Well, you should probably change that.

The transformation chain typically looks like:

projection * view * model

where the view transformation is the inverse of the camera transformation (i.e. the transformation you would use if the camera was an object).

Historically, the way that the view transformation was handled was to concatenate inverse transformations in the reverse order:

(A.B)-1 = B-1.A-1.

So if the camera was at <x,y,z> with a heading of h and an elevation of e, you’d use something like:

```
glMatrixMode(GL_MODELVIEW);
glLoadIdentity();
glRotatef(-e,1,0,0);
glRotatef(-h,0,0,1);
glTranslatef(-x,-y,-z);
```

But I’d suggest that you’re better off simply constructing a camera transformation using GLM, inverting it, then (assuming that you’re using the fixed-function pipeline) using glLoadMatrix() to initialise the model-view matrix to the inverse of the camera transformation.

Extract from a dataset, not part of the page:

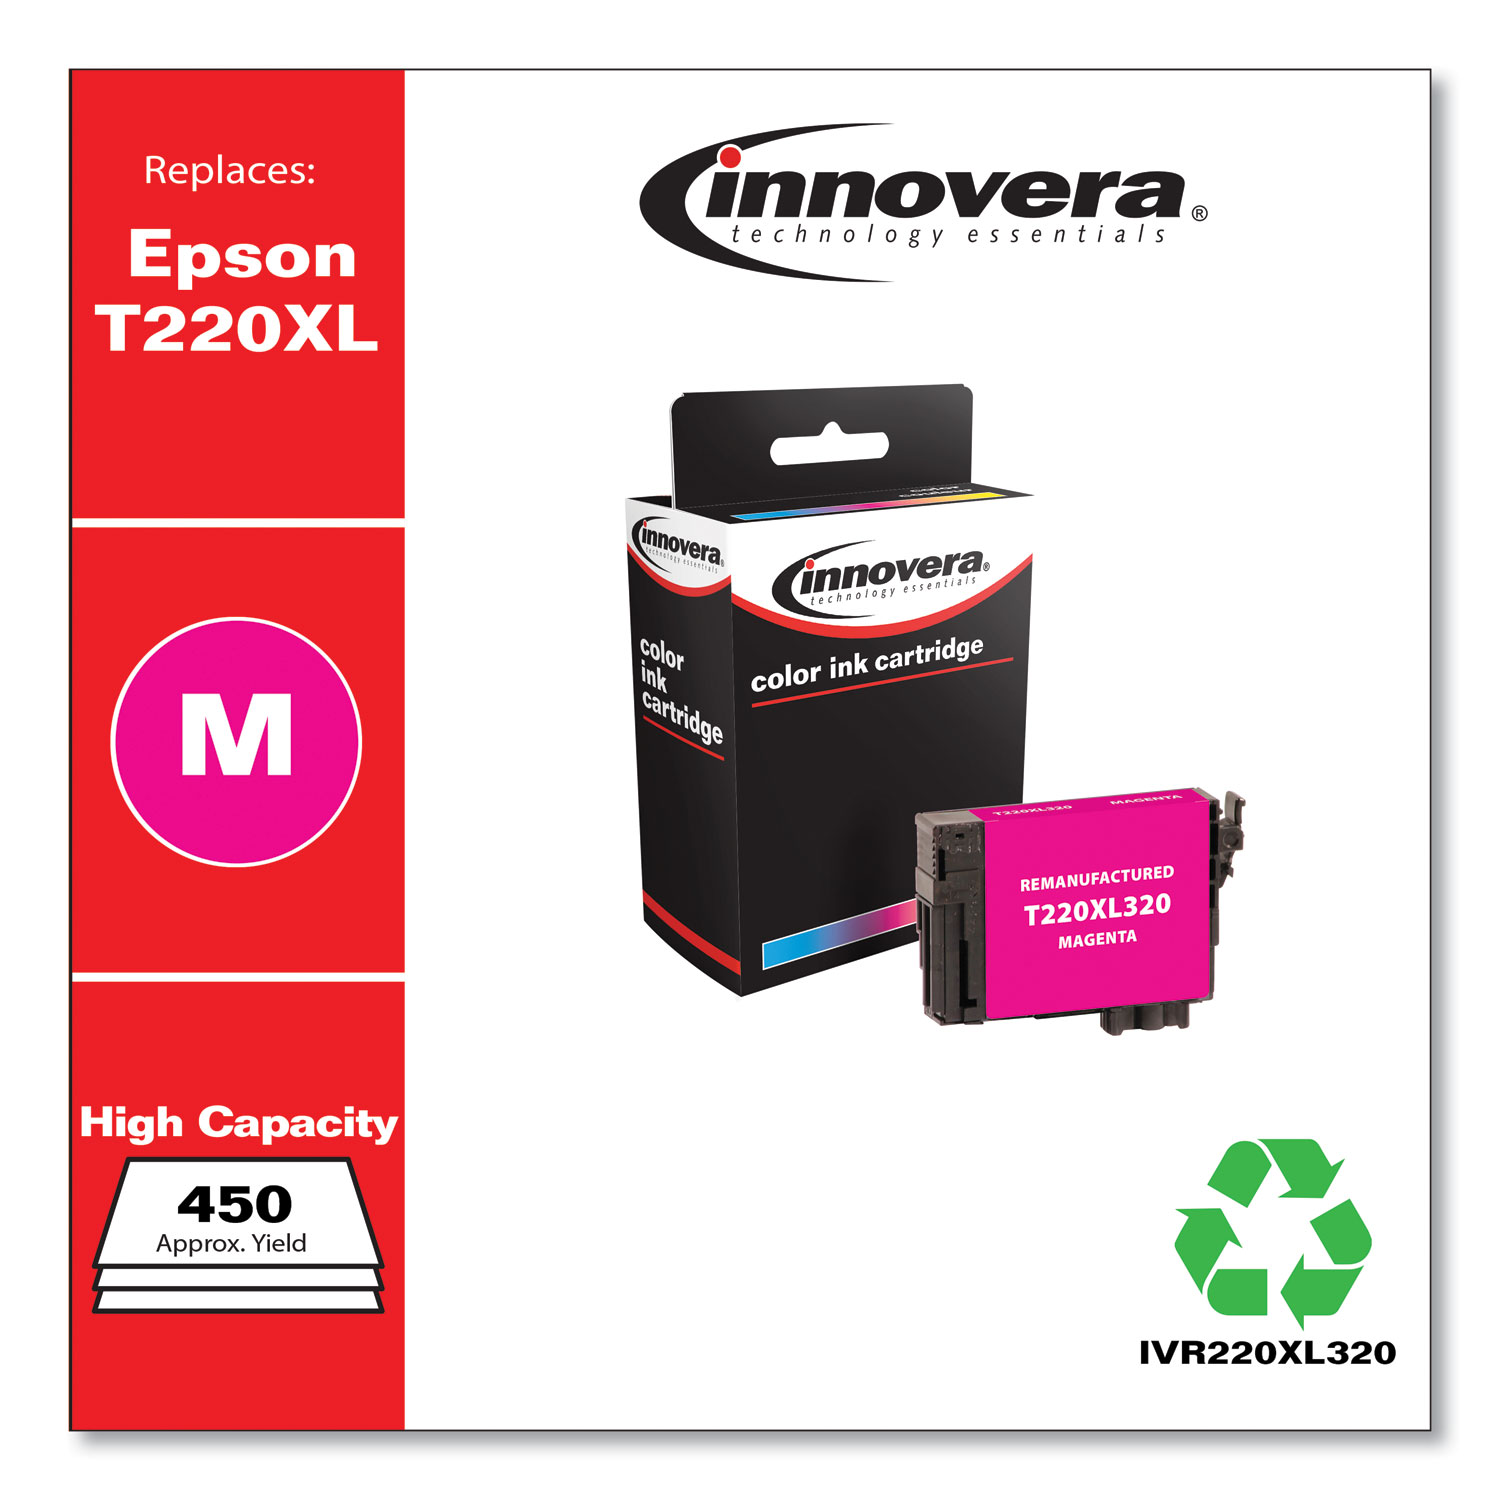  Innovera IVR220XL320 Remanufactured Magenta High-Yield Ink, Replacement for Epson T220XL (T220XL320), 450 Page-Yield (IVR220XL320)

If you have an actual (non-inverted) camera transformation, then the camera’s world-space position is simply the result of transforming the vector [0,0,0,1] by the camera transformation (i.e. the right-hand column of the matrix).

If you’re desperate to avoid the use of GLM (or any other matrix code), you can use gluUnProject() with the projection matrix set to any symmetric orthographic projection (e.g. an identity matrix) to un-project a point at the centre of the viewport and with a Z coordinate of 0. IOW, un-project the eye position.